The Republican National Committee censure resolution called the House investigation a “persecution of ordinary citizens engaged in legitimate political discourse.”
Yet a few prominent Republicans have dared to tell it like it is — knowing they would forever incur Trump’s wrath. Most importantly, Senate Minority Leader Mitch McConnell: “We saw it happen. It was a violent insurrection for the purpose of trying to prevent the peaceful transfer of power after a legitimately certified election, from one administration to the next. That’s what it was.”
McConnell forced all those who now work in the building that has been a political home to so many of Washington’s most famous Republican patriots to recognize the political and constitutional shame they have brought upon their party. Things have changed in sadly deplorable ways at the RNC.

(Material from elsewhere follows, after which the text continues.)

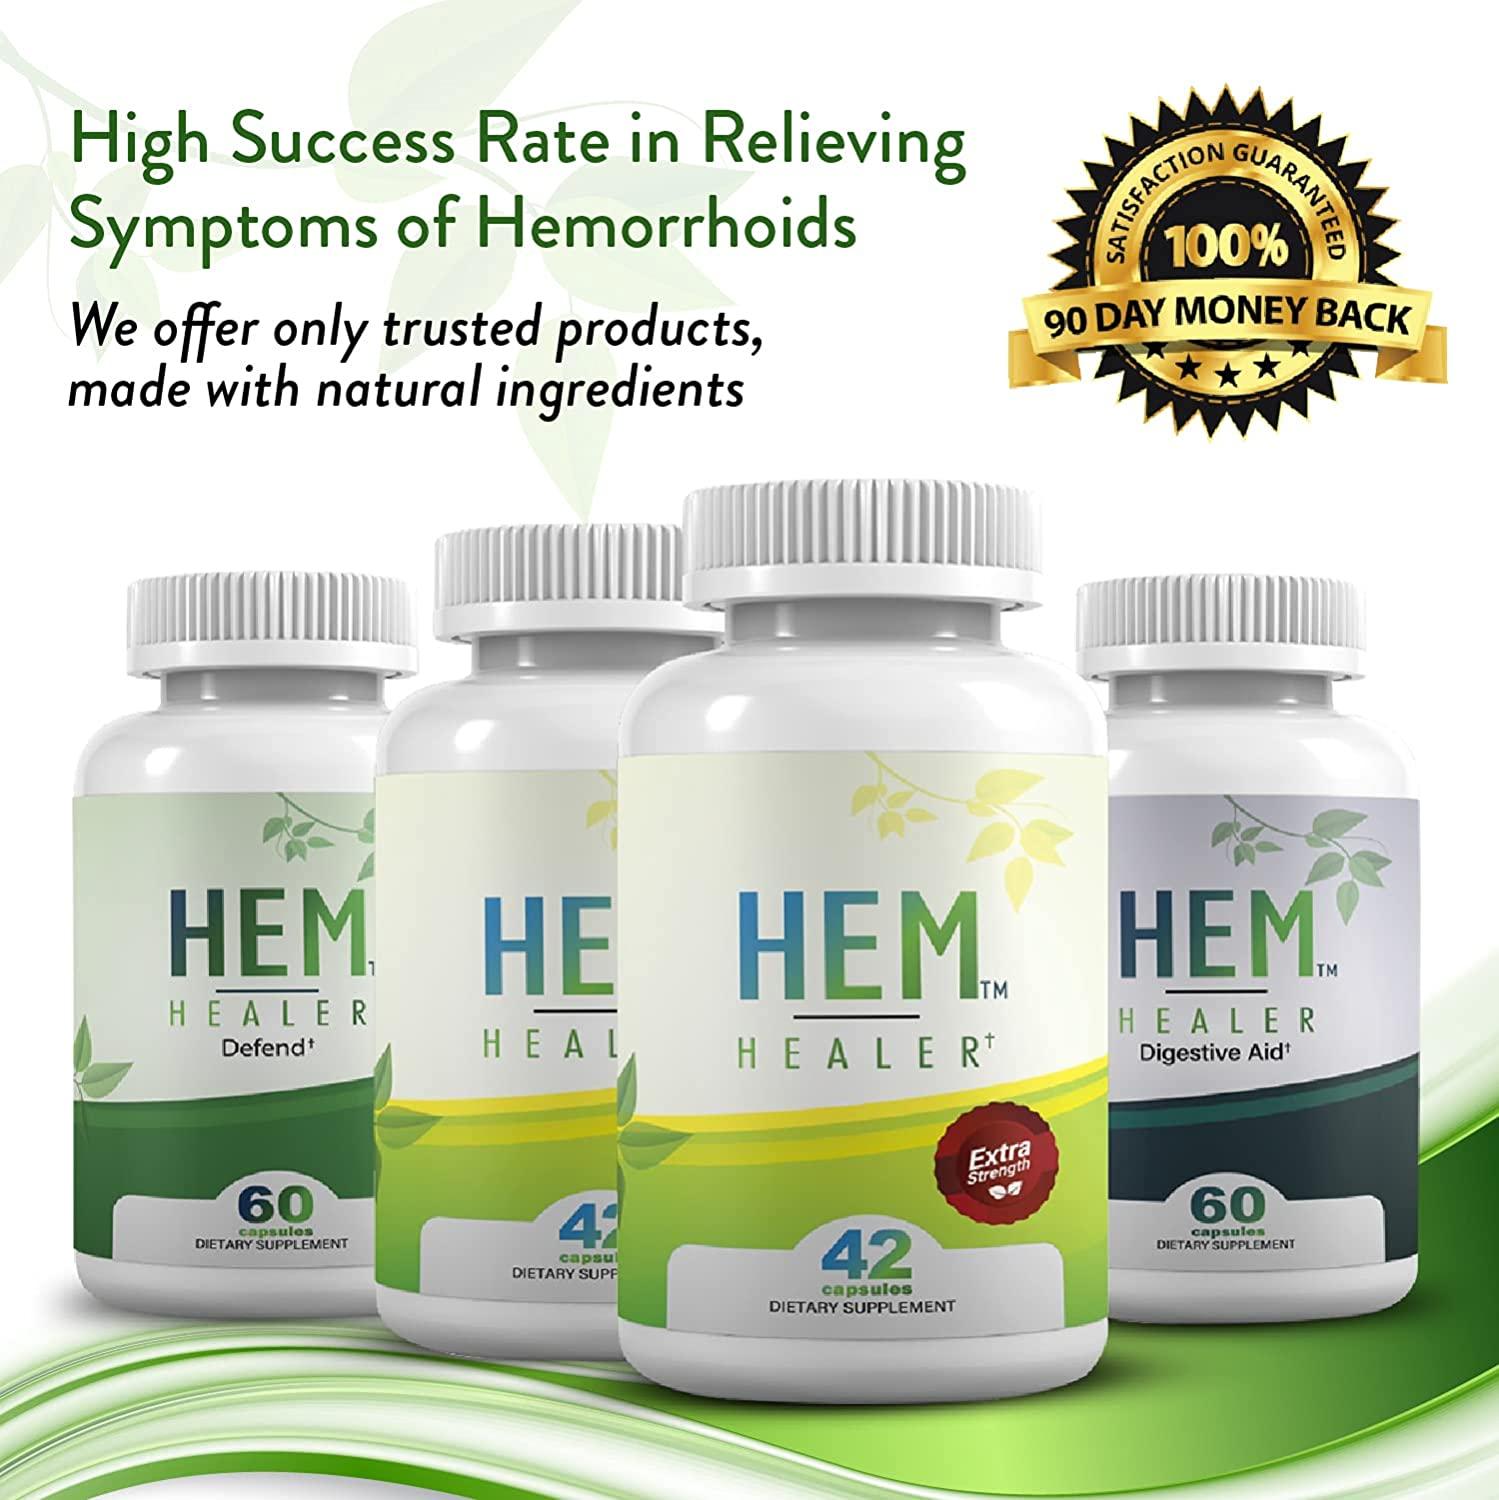 Hem Healer Hemorrhoid Treatment For Hemorrhoid Relief Reduce Swelling And Inflammation Soothe 5244
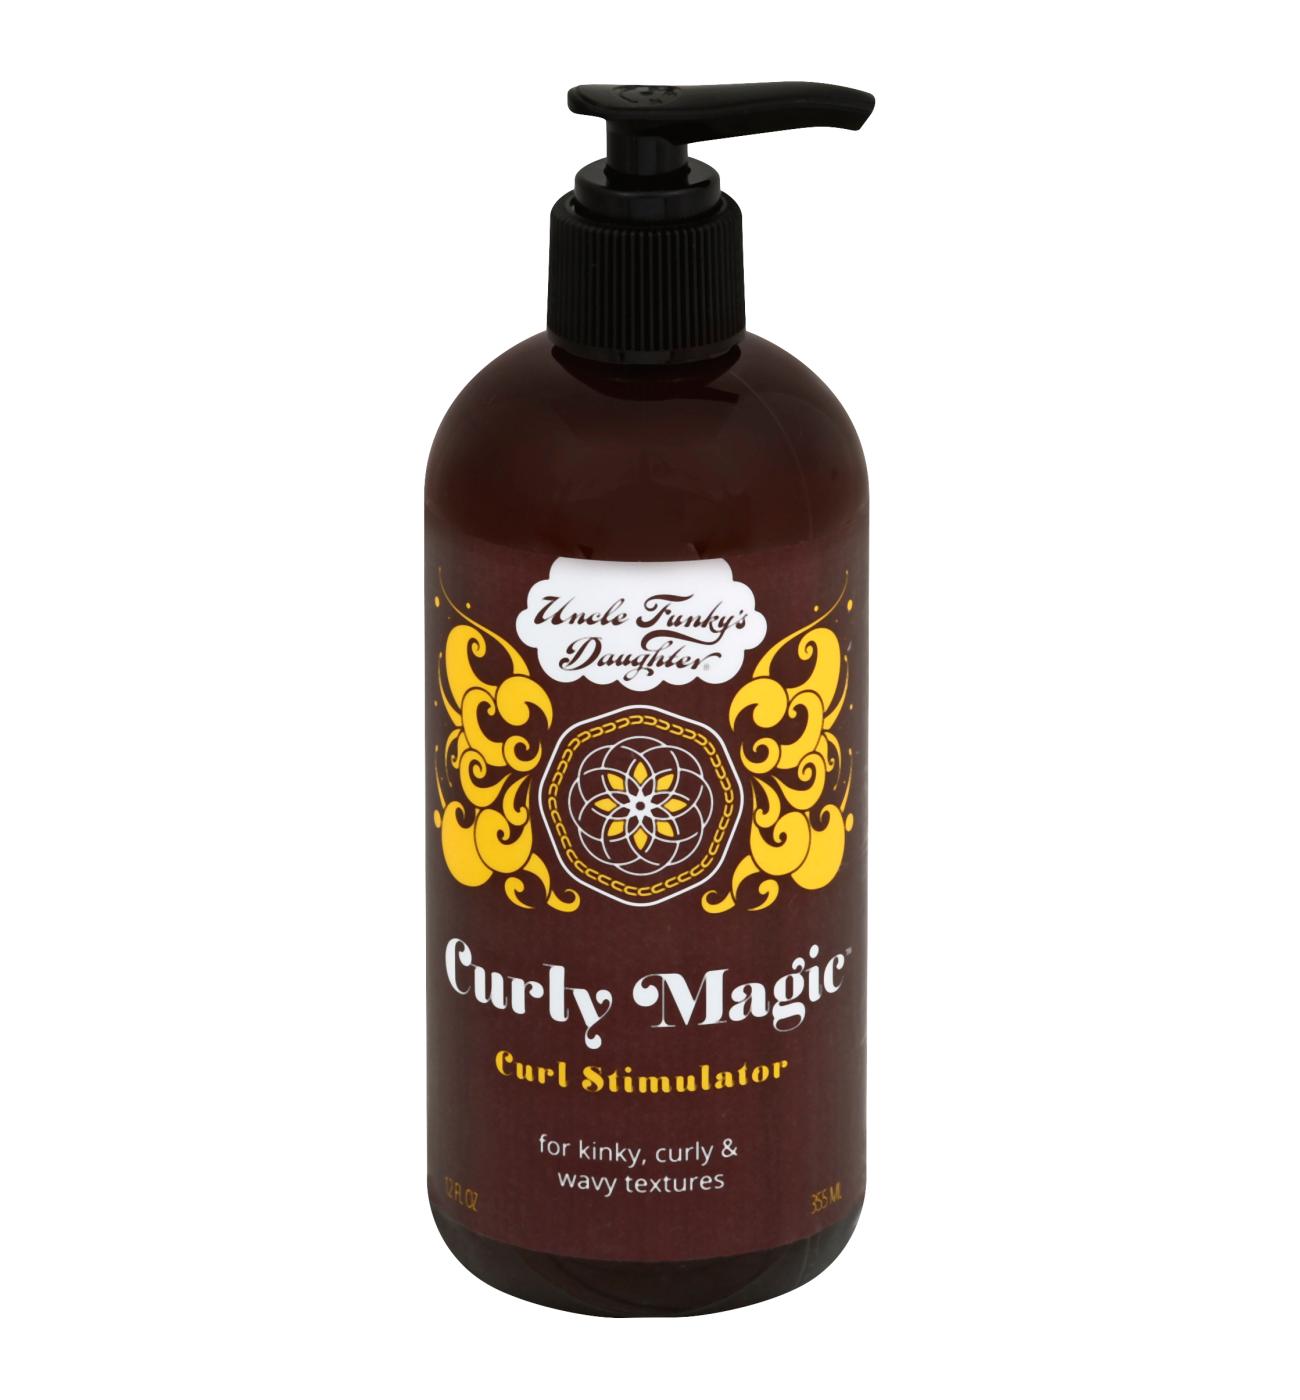 Uncle Funky's Daughter Curly Magic Curl Stimulator; image 1 of 2

Decades ago, it was one of the first institutions I came to know as a young Newsday Washington correspondent. I scheduled a series of get-acquainted dinners with members of Congress from Long Island, who I’d be covering. Republican Rep. Jack Wydler said he wanted to show me the RNC and then eat at the Republicans’ Capitol Hill Club. I said OK, as long as Newsday paid and he didn’t. What I didn’t say was that I figured this would be about as boring as a night could be.
Not so. On the way out, Wydler led me to a table where two couples were dining and did the intros: “Marty, this is Jerry and Betty Ford and George and Barbara Bush.” They invited us to join them for coffee.
Ford was the Republican House leader when I told him that as Newsday’s new guy I’d have to spend Sundays chasing some big LBJ exclusive. So I asked Ford who on his staff he wanted me to phone on Sundays to get a Republican reaction to whatever. Ford reached for my notepad and wrote down a phone number. I thanked him, then saw he’d not told me the aide’s name. “Who should I ask for?” I said. He replied: “Well you better ask for me — it’s my home.”
I spent many Sundays getting to know a future president. Meanwhile, I also set up a lunch with Bush, who soon became the RNC chairman. I got to know another future president, chatting with him in the chairman’s office at the RNC.
We developed the sort of friendships that occasionally happen between journalists and the folks we cover. But we always were sure that never got in the way of our jobs.
Early on I put that to a test with Ford. In that LBJ “Great Society” era when Republicans were known as the party of “no,” Ford and his colleagues unveiled what they titled “Constructive Republican Alternative Proposals.” I asked: “Since ‘Constructive Republican Alternative Proposals’ is such a long name, don’t you expect newspapers will just use your program’s initials?”
Eyes widened. Ford pondered, looked at his paper — then guffawed. We were not yet living in Hate City, let alone Hate Nation. Ford and Bush, two patriots who knew every inch of that historic RNC building, would have deplored the un-American censure of two conservative genuine Republicans by the group that now operates as Trump’s RINO-NC.